The first football World Cup tournament to be hosted on the African continent is expected to draw a large influx of business and private jets to South Africa for the month-long event from June 11 to July 11. Flight-planning specialists are urging operators to start making plans immediately to avoid potentially serious constraints on landing and takeoff slots, as well as aircraft parking.
Organizer FIFA expects 550,000 people, including 400,000 foreign visitors, to attend the 64 games, which will be held in numerous locations in and around nine cities. Business jet passengers will be a small percentage of them, but they could be among the most inconvenienced by South Africa’s somewhat limited infrastructure. Attendance at the tournament is estimated to be 15 times greater than the previous largest event hosted by South Africa–the 1995 rugby World Cup.
At the forefront of handling arrangements for the bizav influx is ExecuJet Aviation, which operates long-established FBOs at two key airports: Lanseria International (near Johannesburg) and Cape Town International. The company, which was founded in South Africa before going on to become a global business aviation services group, is already working with leading flight-planning companies Universal Weather & Aviation (through its UVAir subsidiary) and Air Routing International to help operators with trip arrangements.
ExecuJet (see box) has prebooked some 16,000 provisional slots for the tournament period; however, the slots cannot be used until they are allocated to a specific aircraft tail number and some important bureaucratic obstacles must be cleared before that can happen.

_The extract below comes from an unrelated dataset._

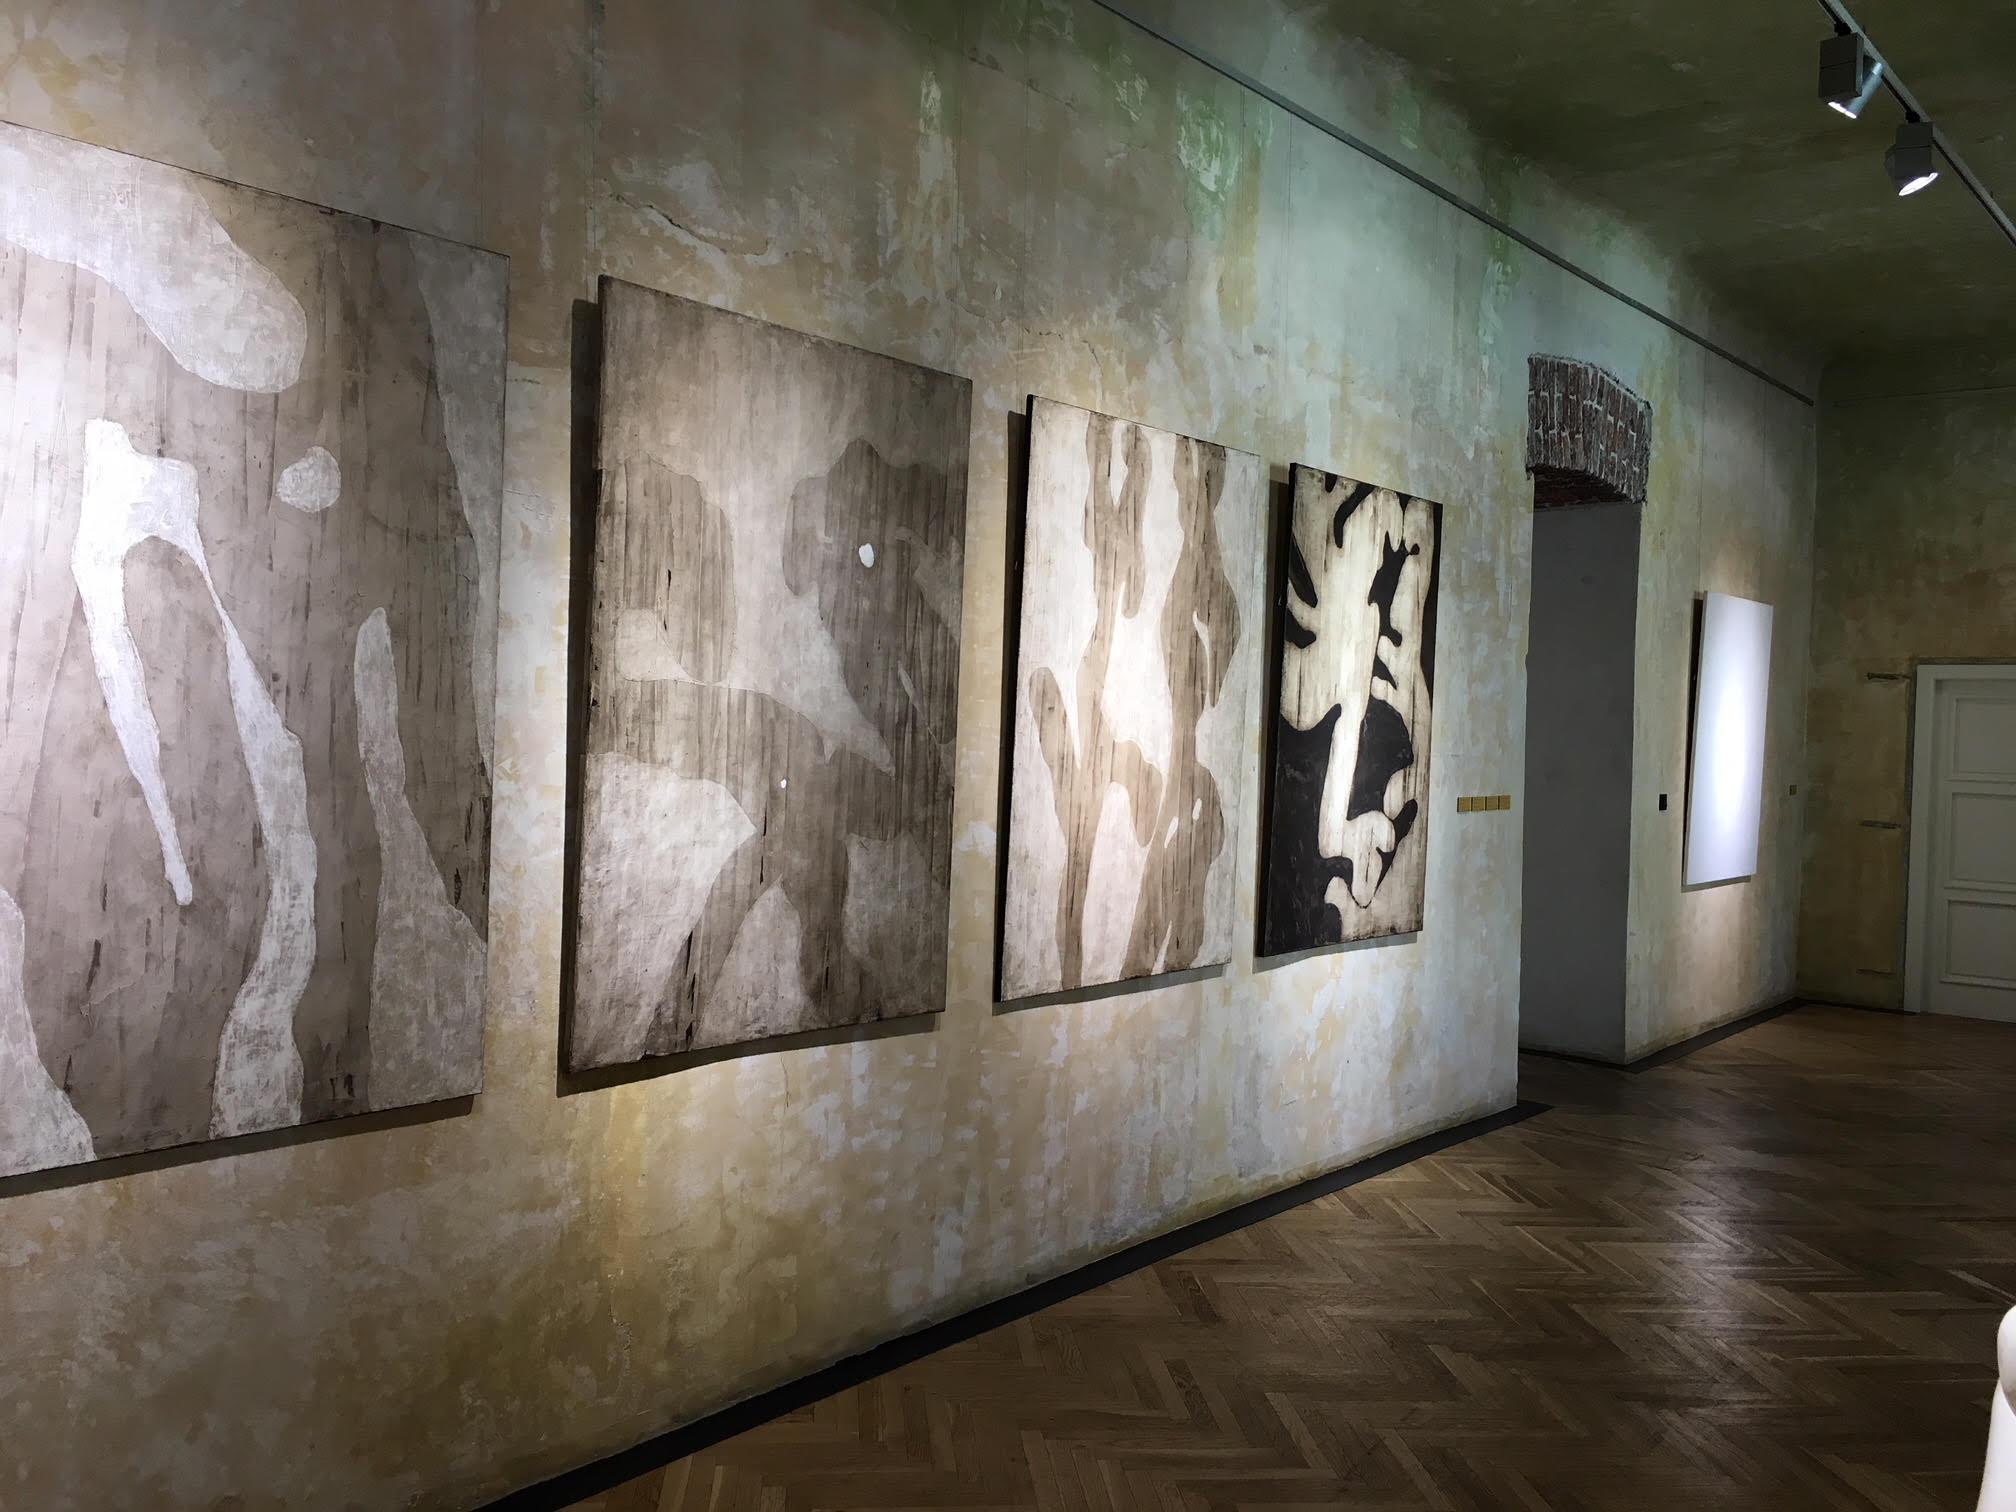 Cermak Gallery 4.jpg

Slot allocation is in the hands of the South African Air Force (SAAF).
Pilots To Be Screened
UVAir senior trip owner Justin Murray explained to AIN that pilots have to be security screened before their operators can even apply for a slot. In theory, only the pilot-in-command needs to be security screened, but UVAir is advising clients to have cleared any pilot who might have to act as captain.
The first step in the process requires the pilots to complete the SAAF’s security clearance form. Once the screening is complete–a procedure that will take a minimum of 24 hours–the SAAF issues a security code unique to each pilot. That code is combined with a flight authorization code to create a unique identifier for each flight plan. A different approval code is required for each separate flight, but once a pilot has a security code he or she can apply for any number of slots.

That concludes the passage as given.